Part I C. Wright Mills, the Criminological Imagination and the Criminological Field

1 For a Refractive Criminology

Against Science Machines and Cheerful Robots
Jon Frauley
DOI: 10.4324/9781315570709-2
… let your mind become a moving prism catching light from as many angles as possible. (Mills 1959, 214)
Serious differences among social scientists … have rather to do with what kinds of thinking, what kinds of observing, and what kinds of links, if any, there are between the two. (Mills 1959, 33)
In 1959 sociologist C. Wright Mills offered a trenchant (and still relevant) critique of empiricist and theoreticist social science, outlining a strategy for rejecting what he thought had become a mainly reductionist and technique-driven bureaucratic enterprise. His path-breaking book The Sociological Imagination is concerned to illustrate the rise of a ‘bureaucratic ethos’ and the implication of this for social life as well as the impact this ethos was having on the process, objectives and organization of social science and knowledge production. Mills argued for a particular ‘quality of mind’ that he believed necessary for the production of holistic and politically engaging descriptions and understandings of social reality. To understand experiences of unrest and apathy, he maintained, it was necessary to identify and then connect two fundamental aspects of social life: ‘personal troubles of milieu’ and ‘public issues of social structure’:
Troubles occur within the character of the individual and within the range of his immediate relations with others; they have to do with his self and with those limited areas of social life of which he is directly and personally aware. Accordingly, the statement and the resolution of troubles properly lie within the individual as a biographical entity and within the scope of his immediate milieu – the social setting that is directly open to his personal experience and to some extent his willful activity. A trouble is a private matter: values cherished by an individual are felt by him to be threatened …. Issues have to do with matters that transcend these local environments of the individual and the range of his inner life. They have to do with the organization of many such milieux into the institutions of an historical society as a whole, with the ways in which various milieux overlap and interpenetrate to form the larger structure of social and historical life. An issue is a public matter: some value cherished by publics is felt to be threatened. Often there is a debate about what that value really is and about what it is that really threatens it. This debate is often without focus if only because it is the very nature of an issue, unlike even widespread trouble, that it cannot very well be defined in terms of the immediate and everyday environments of ordinary men. An issue, in fact, often involves a crisis in institutional arrangements, and often too it involves what Marxists call ‘contradictions’ or ‘antagonisms’. (Mills 1959, 8–9)

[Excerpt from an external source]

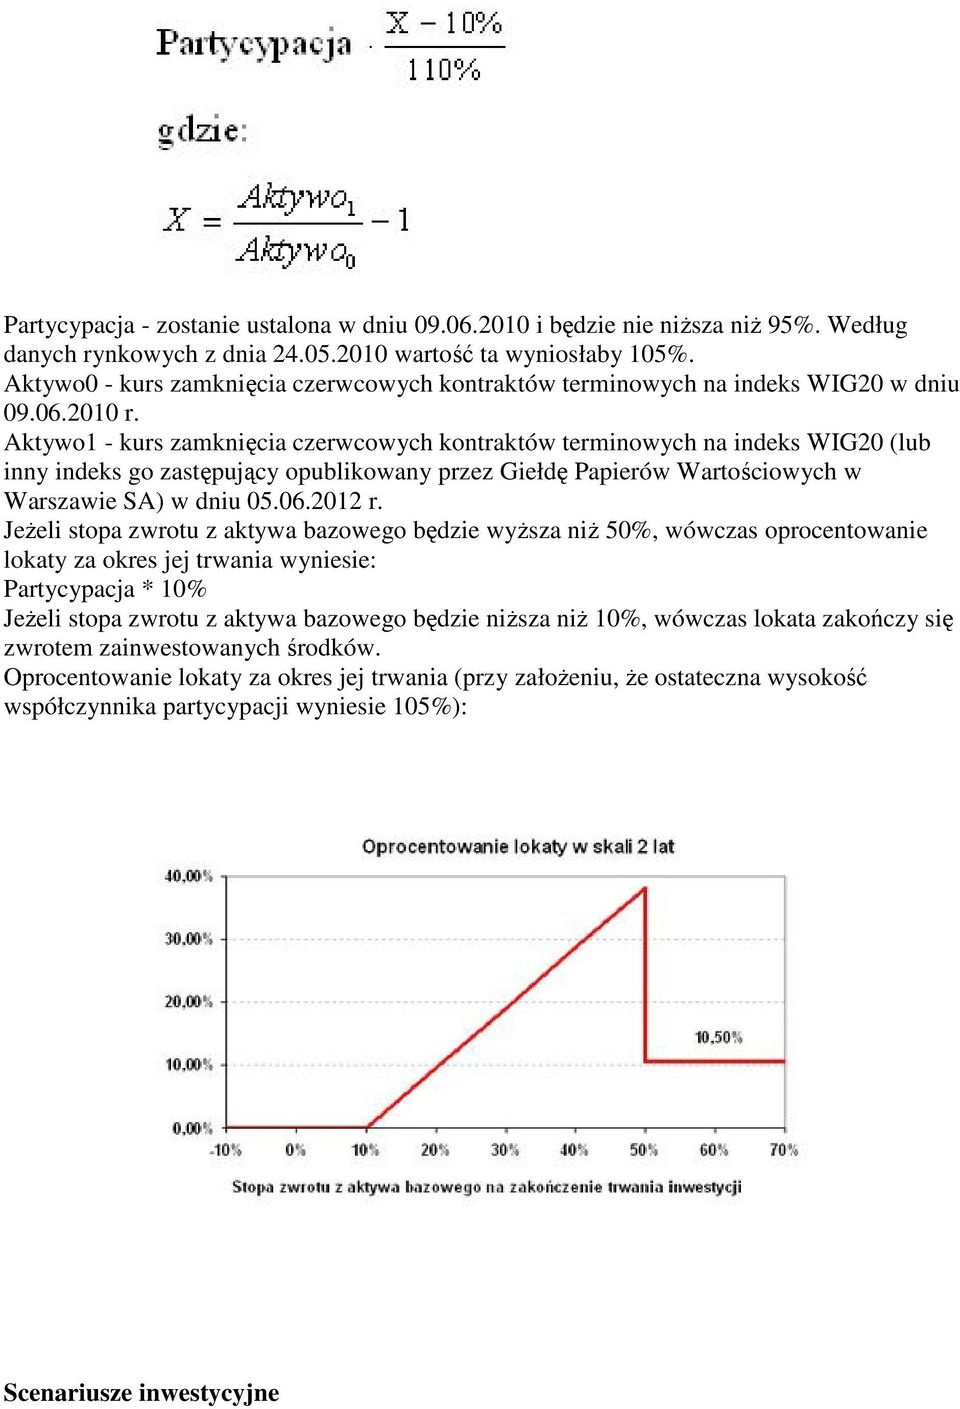 Aktywo1 - kurs zamknięcia czerwcowych kontraktów terminowych na indeks WIG20 (lub inny indeks go zastępujący opublikowany przez Giełdę Papierów Wartościowych w Warszawie SA) w dniu 05.06.2012 r.

The imaginative and speculative quality of mind envisioned by Mills was needed, he believed: (1) to adequately clarify how human beings and their experiences were situated and shaped within the political, economic, institutional, discursive, and importantly, historical constraints of their society, and (2) to contribute to personal and social transformation and thus use this knowledge of our contemporary societal constraints to live a more authentic and meaningful life. Employing a sociological imagination could lead to a citizenry actively and politically engaged in issues of consequence.
As a methodology,1 the sociological imagination sought to bridge what Mills considered to be a detrimental gap between studies of social action, on the one hand, and studies of social structure on the other, as well as a division between abstract theorizing (i.e., the theoreticism of ‘grand theory’) and atheoretical empirical research (i.e., the empiricism and methodological individualism of ‘abstracted empiricism’).2 In chastising ‘research technicians’ for self-identifying as (social) scientists and ridiculing ‘science machines’ for masquerading as (social) sciences, he advocated a ‘creative ethos’ and the practice of ‘intellectual craftsmanship’ as a counter to technocracy.3 Thus the book is a methodological and political call for a reflective and self-critical practice of knowledge production, one that can illuminate structural and ideational constraints on freedom as well as the possible points of intervention for fostering positive social transformation and strengthening social democracy (Scimecca 1976, 194; Krisberg 1974; Frauley 2010). As a methodology it offers a hopeful and humanist sociological practice, and as a politics it denigrates liberalism and liberal social science as being ahistorical and blind to its own oppressive conditions of existence.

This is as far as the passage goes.